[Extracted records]
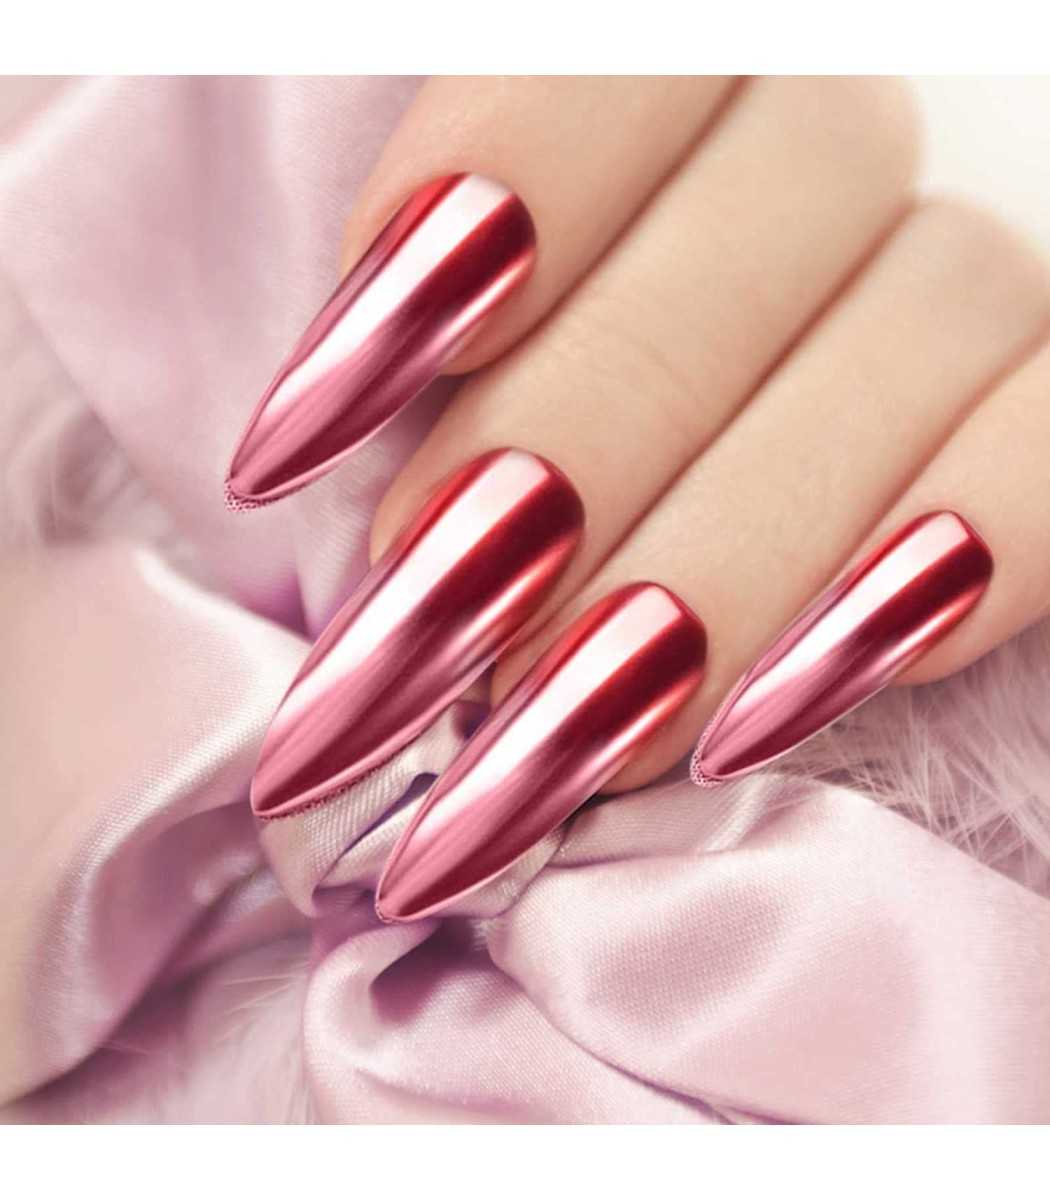 σκόνη καθρέφτη, γιά νύχια nail mirror χρώμα ροζ, κοκκινο
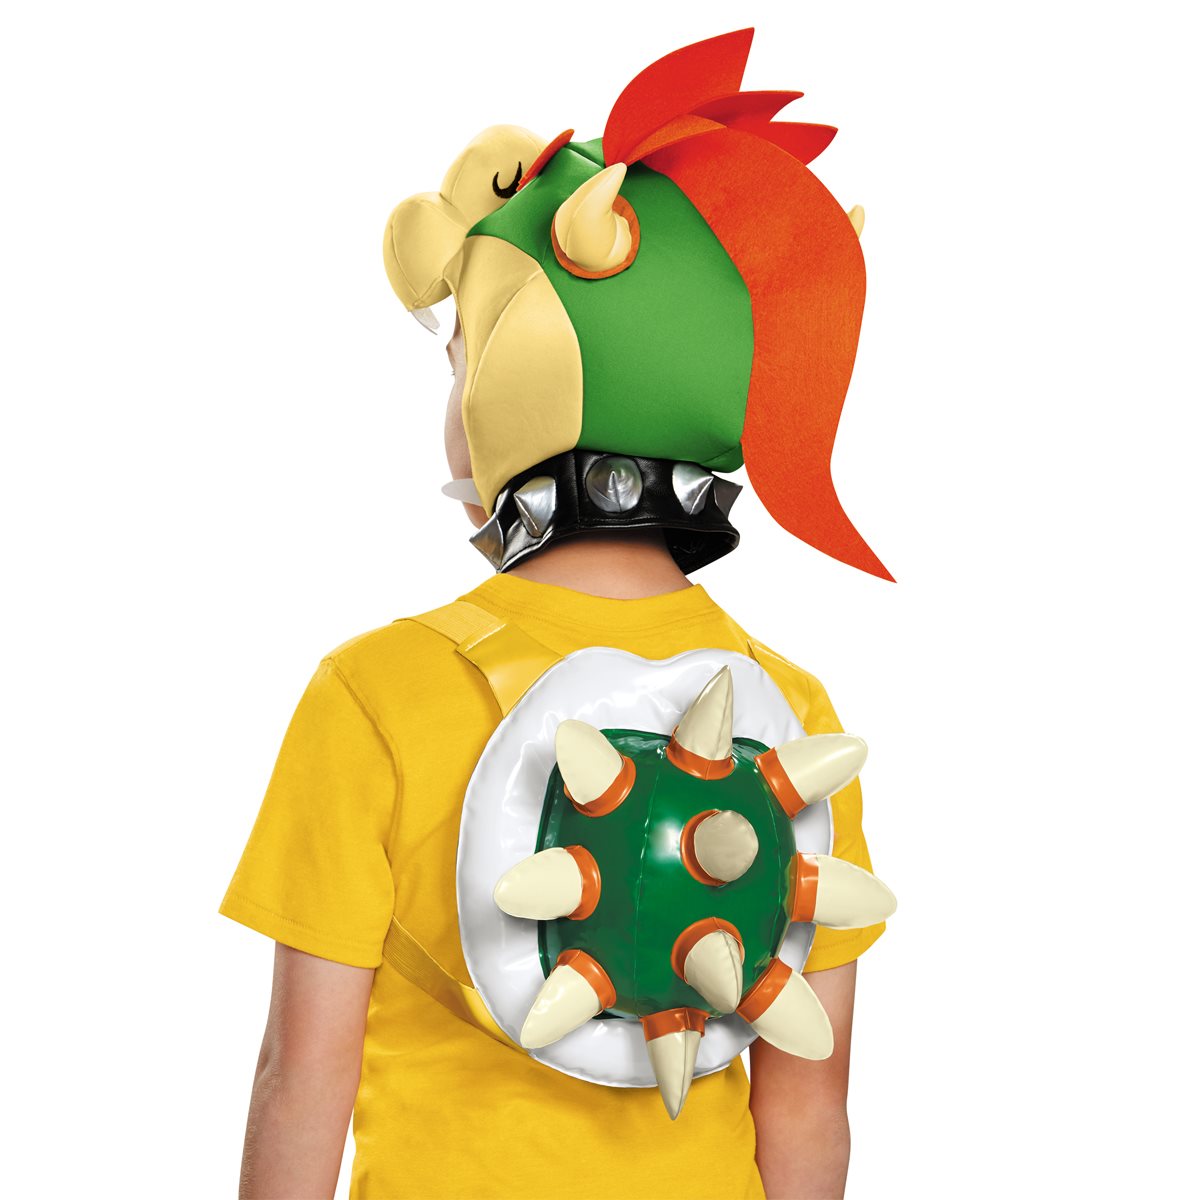 Super Mario Bros. Bowser Costumes 
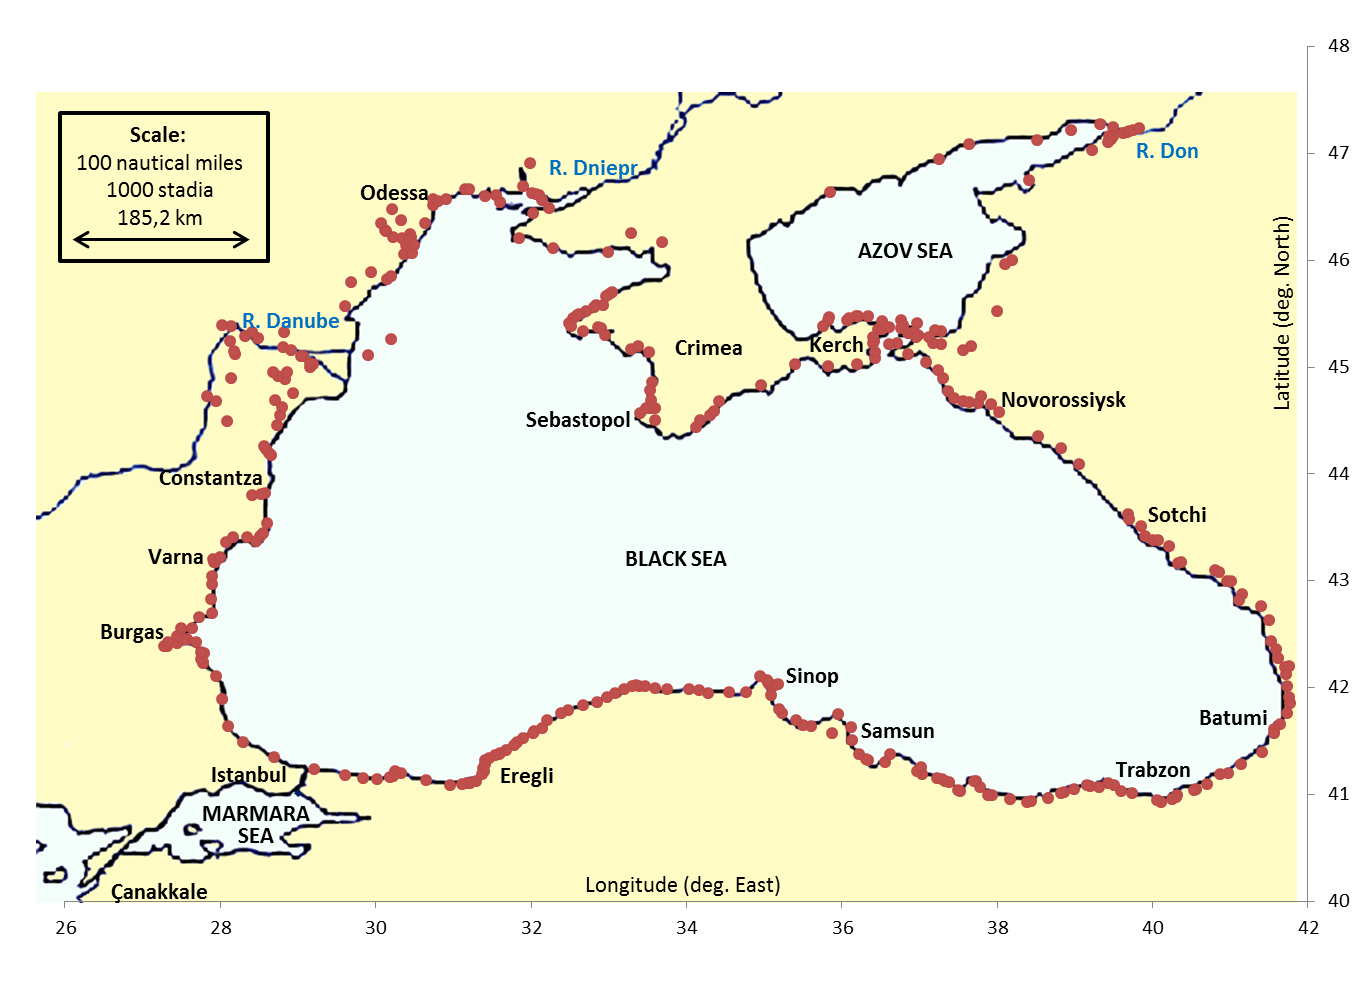 Синоп на карте. Черное море на карте. Синоп на карте черного моря. Порт Синоп на карте черного моря. Батуми на карте черного моря.
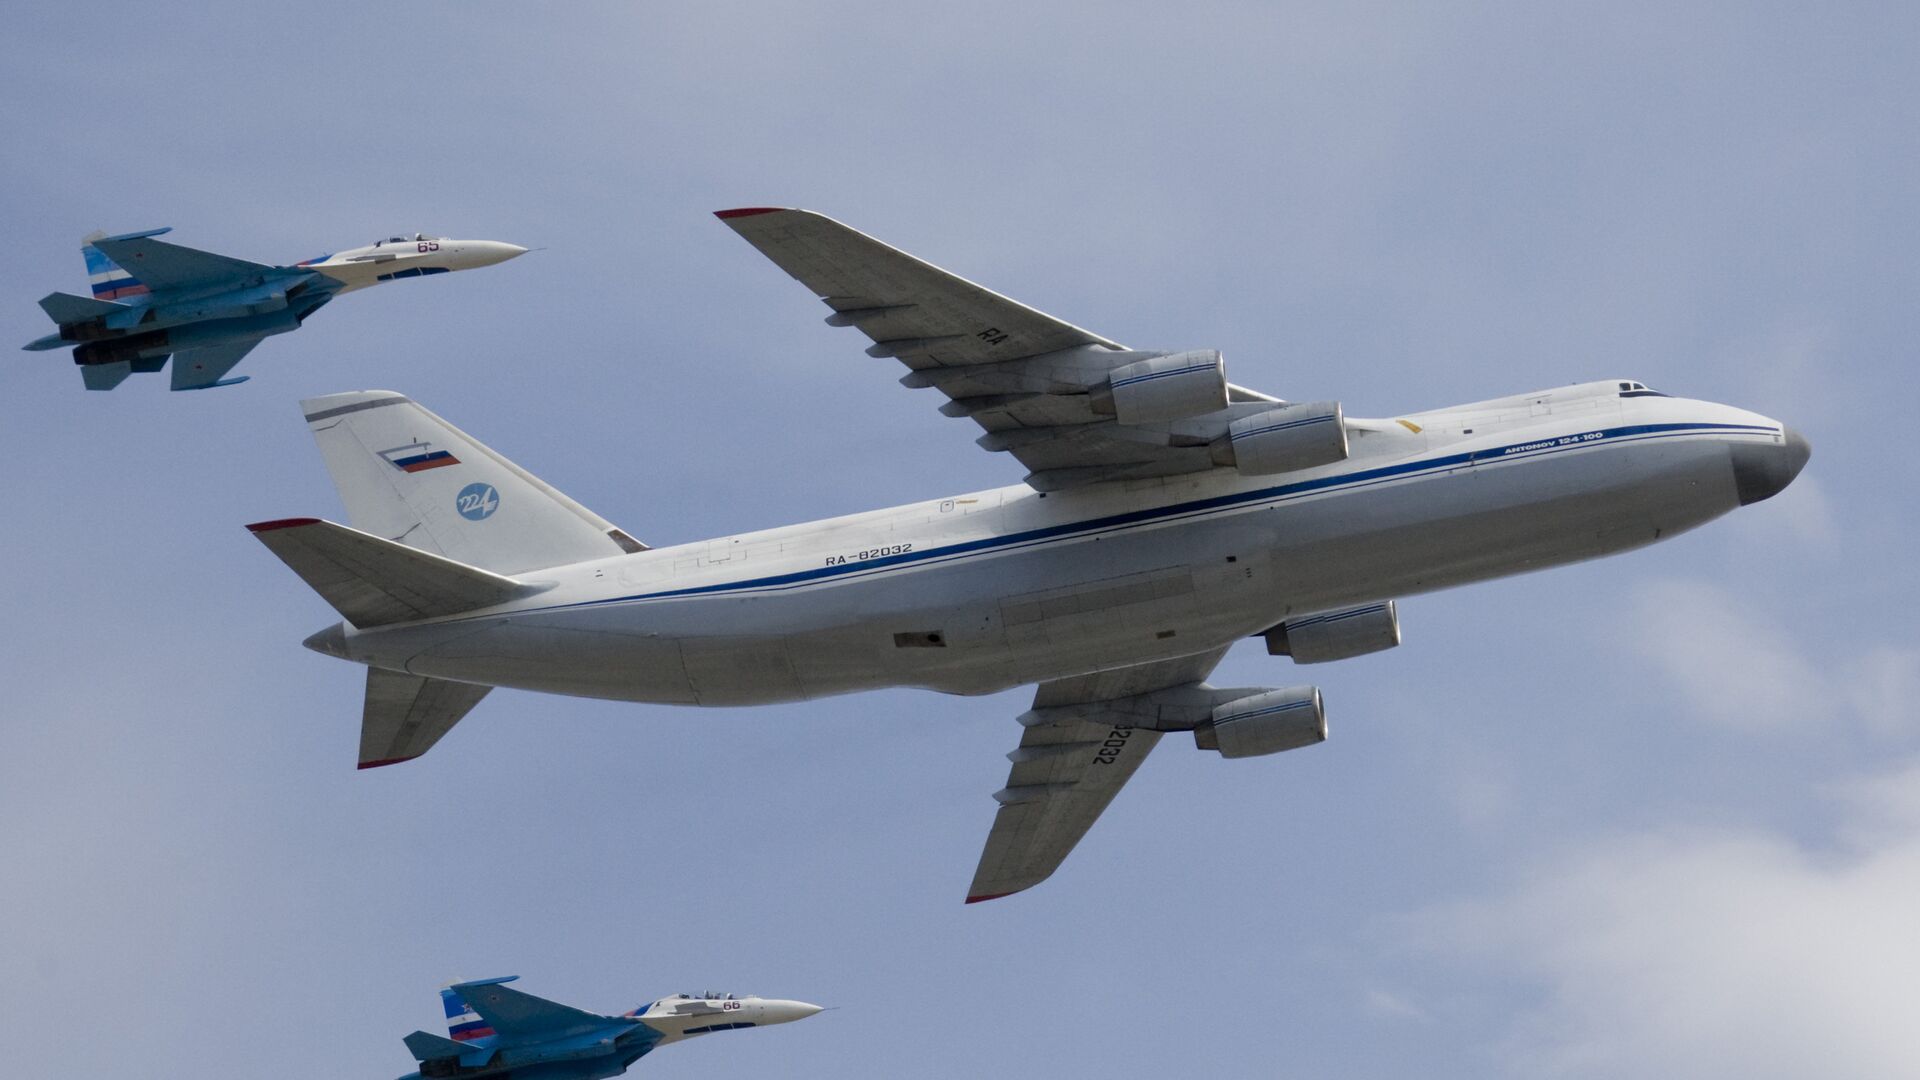 Стратегический военно-транспортный самолет Ан-124 Руслан в сопровождении двух истребителей Су-27 - РИА Новости, 1920, 30.08.2019
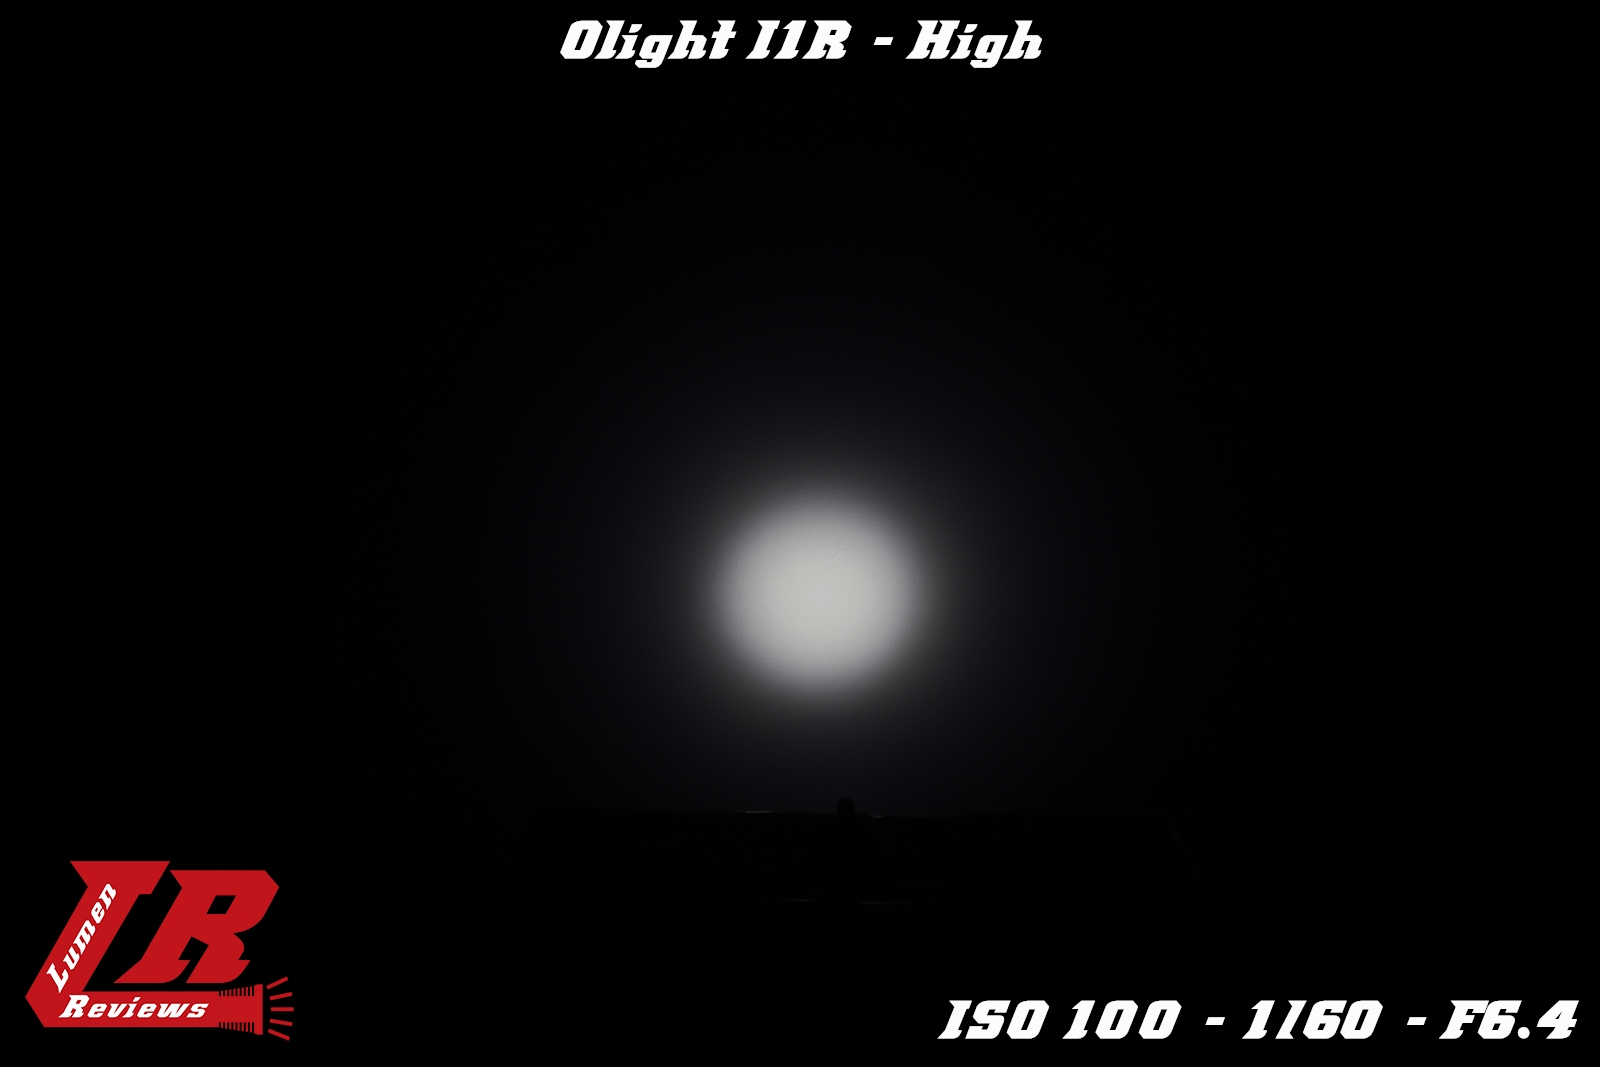 Olight_I1R_17.jpg

◆ Work item: Leave out the pictures. Return exactly the lines from the first line of the records to the line bearing "Стратегический военно-транспортный самолет", inclusive.

◆ Exercise response:
 σκόνη καθρέφτη, γιά νύχια nail mirror χρώμα ροζ, κοκκινο
 Super Mario Bros. Bowser Costumes 
 Синоп на карте. Черное море на карте. Синоп на карте черного моря. Порт Синоп на карте черного моря. Батуми на карте черного моря.
 Стратегический военно-транспортный самолет Ан-124 Руслан в сопровождении двух истребителей Су-27 - РИА Новости, 1920, 30.08.2019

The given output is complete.